[Source data]
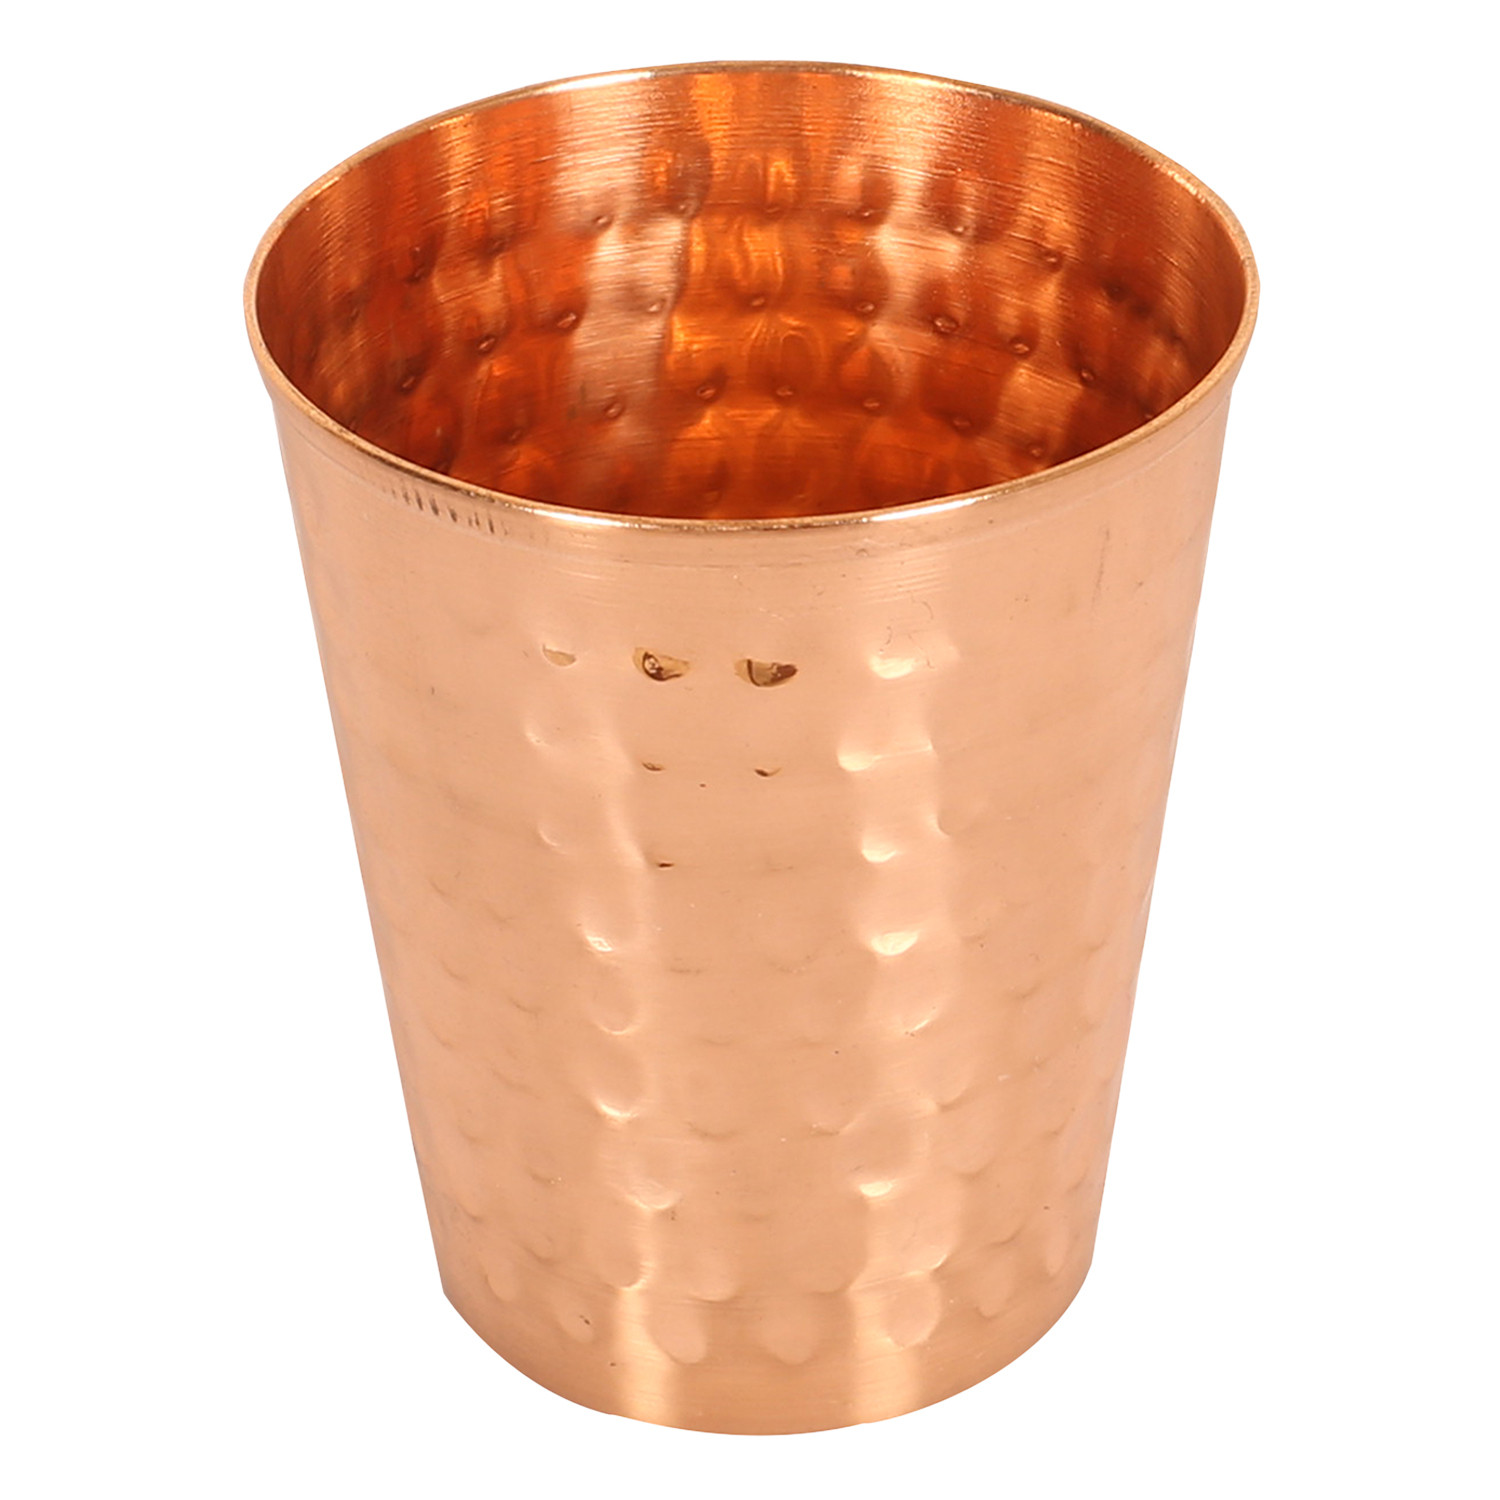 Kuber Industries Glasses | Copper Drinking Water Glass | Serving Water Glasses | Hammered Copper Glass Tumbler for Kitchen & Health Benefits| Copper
--
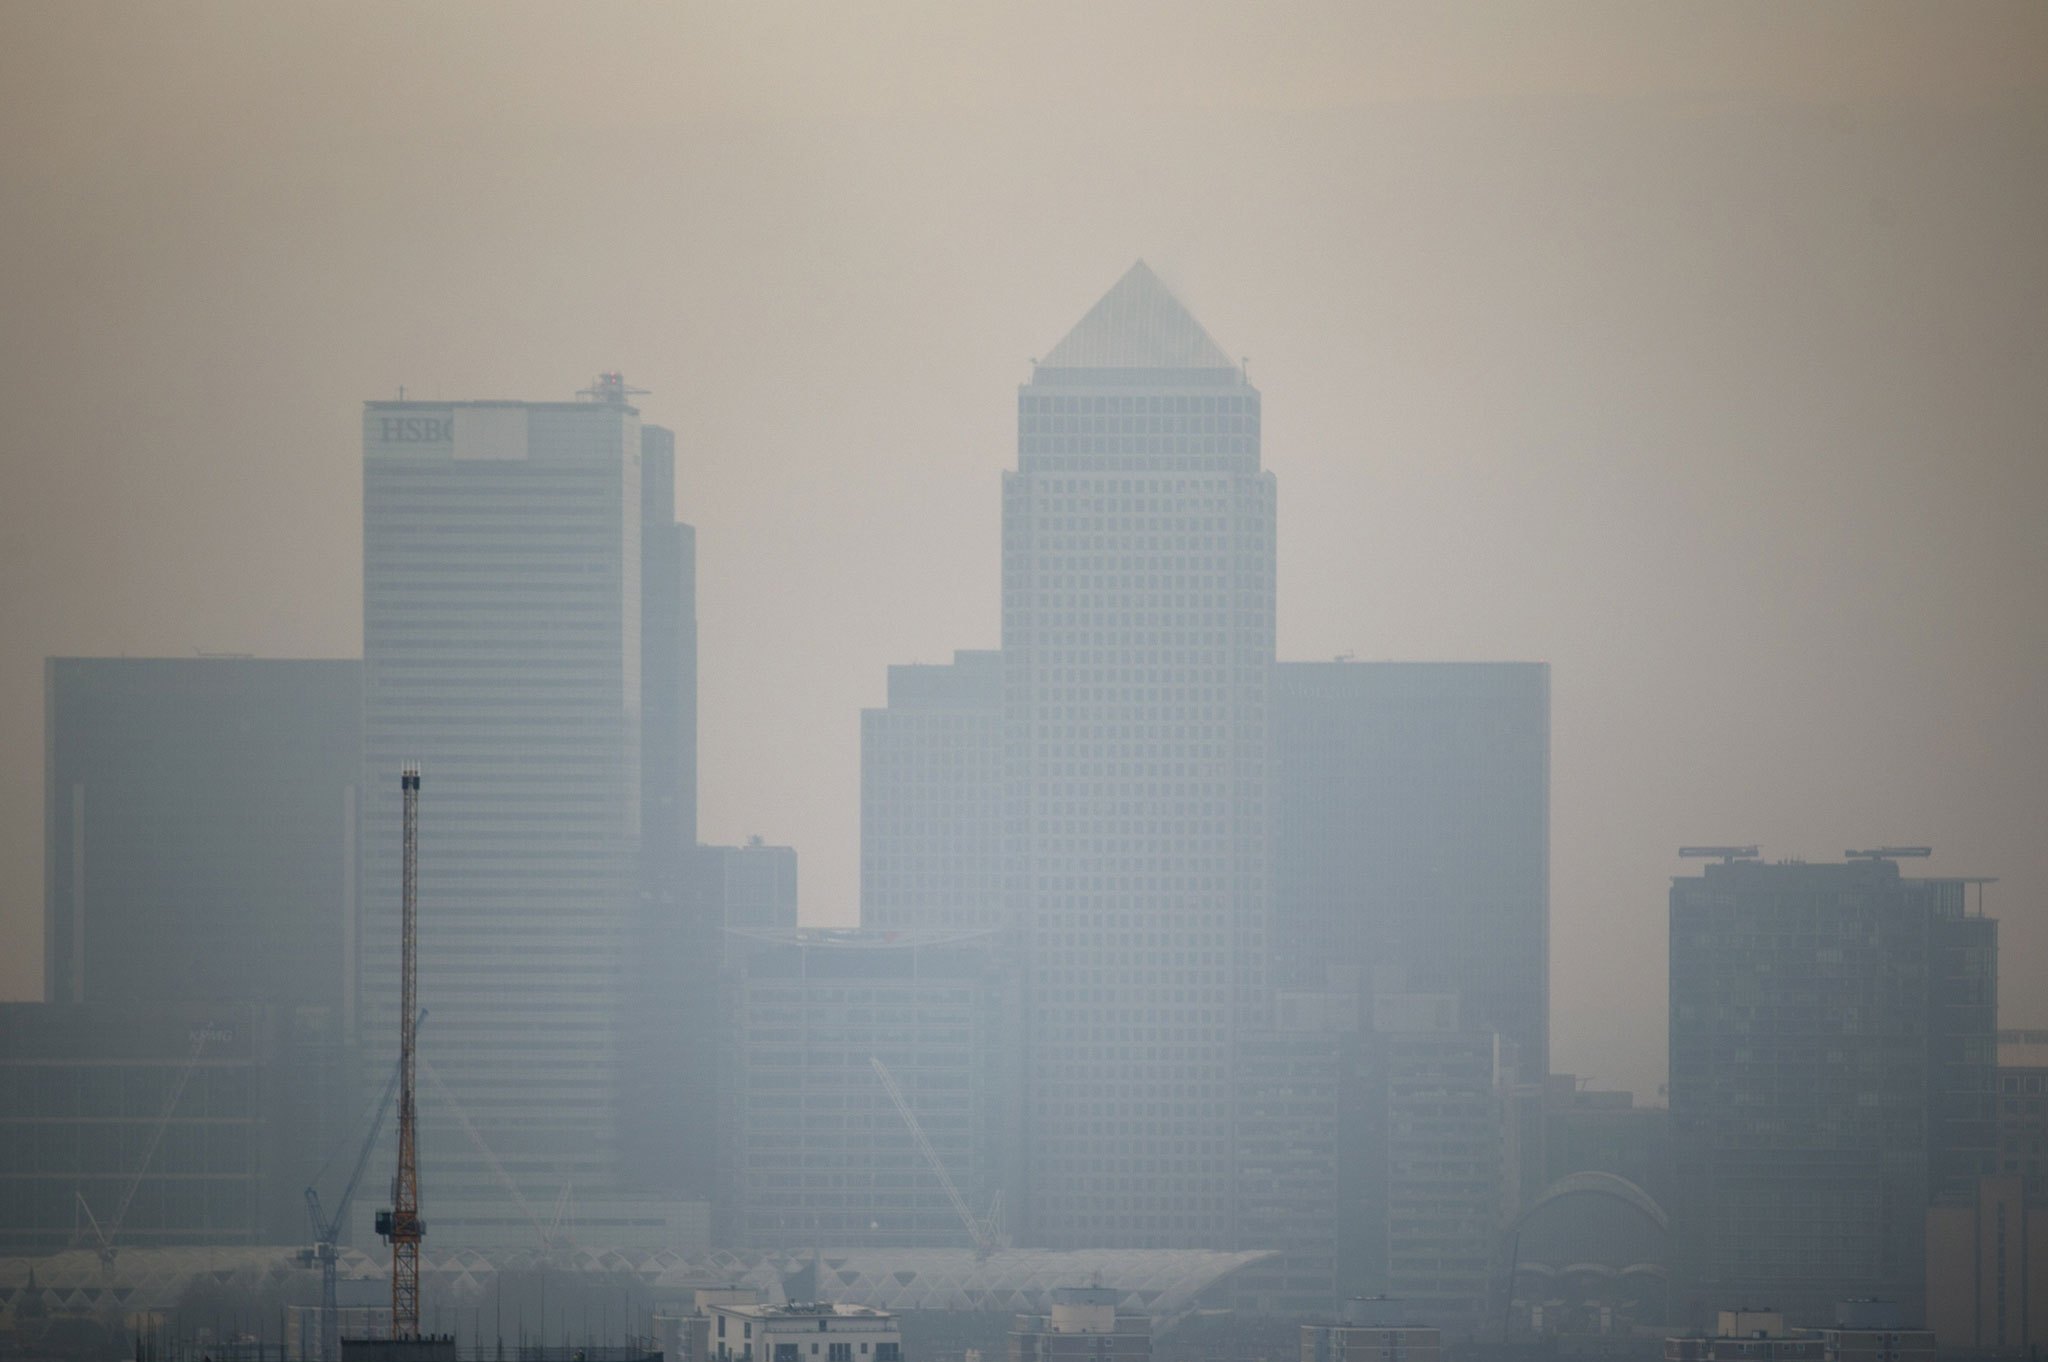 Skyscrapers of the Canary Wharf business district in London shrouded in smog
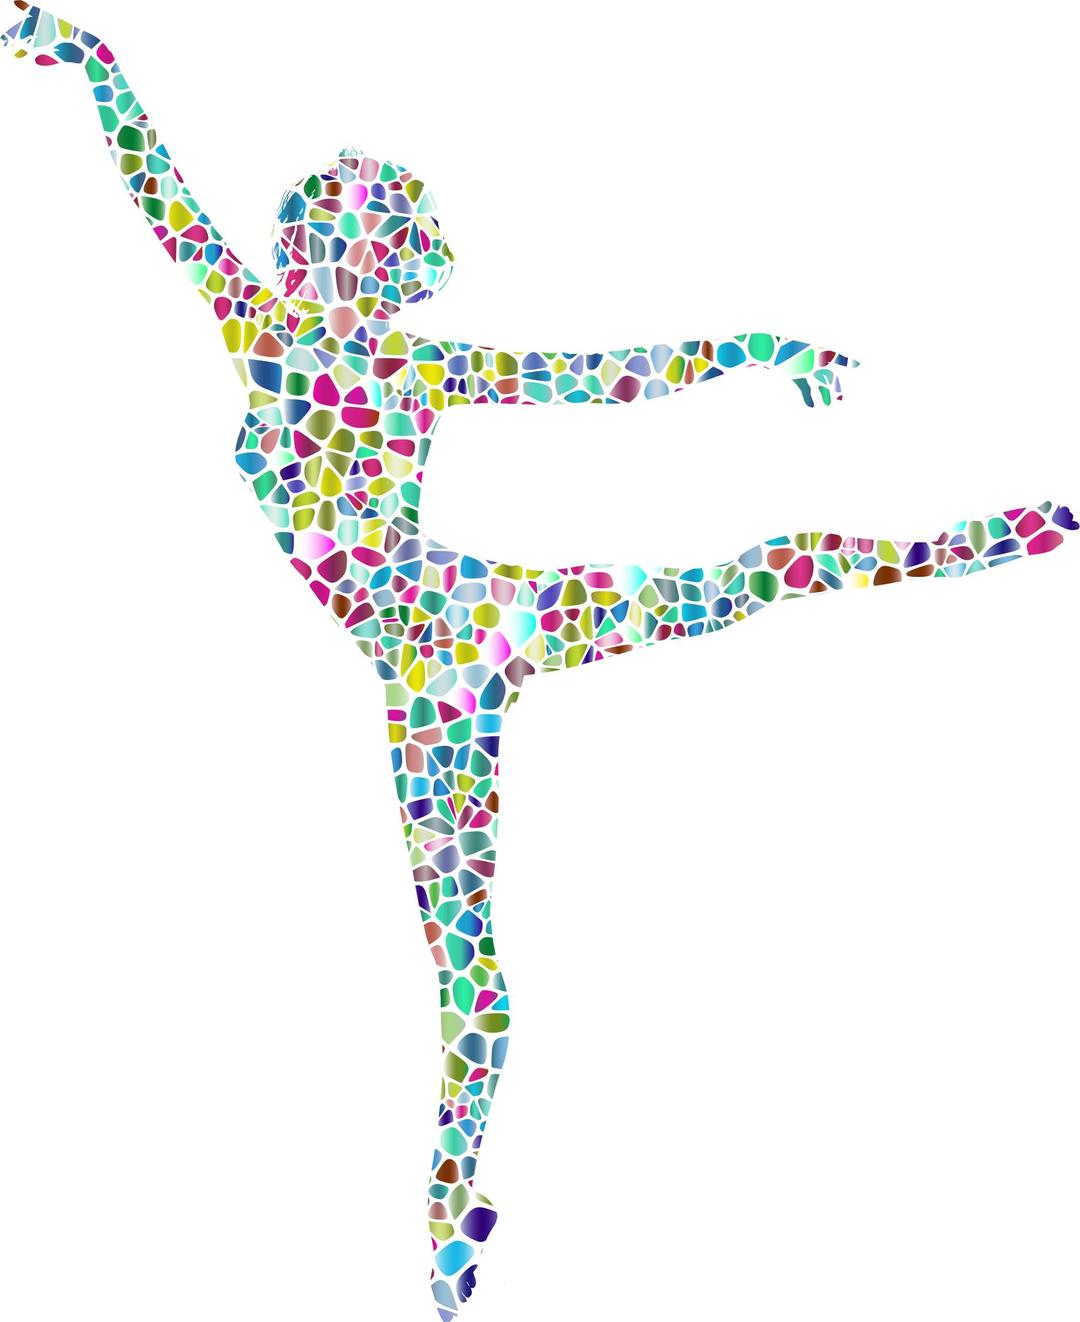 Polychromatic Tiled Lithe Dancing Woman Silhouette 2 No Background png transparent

[Try it] Using the entries above, extract exactly the lines from the one that contains "Skyscrapers of the" through the one that contains "Polychromatic Tiled Lithe". Do not carry over any pictures.

[Solution for this problem]
 Skyscrapers of the Canary Wharf business district in London shrouded in smog
 Polychromatic Tiled Lithe Dancing Woman Silhouette 2 No Background png transparent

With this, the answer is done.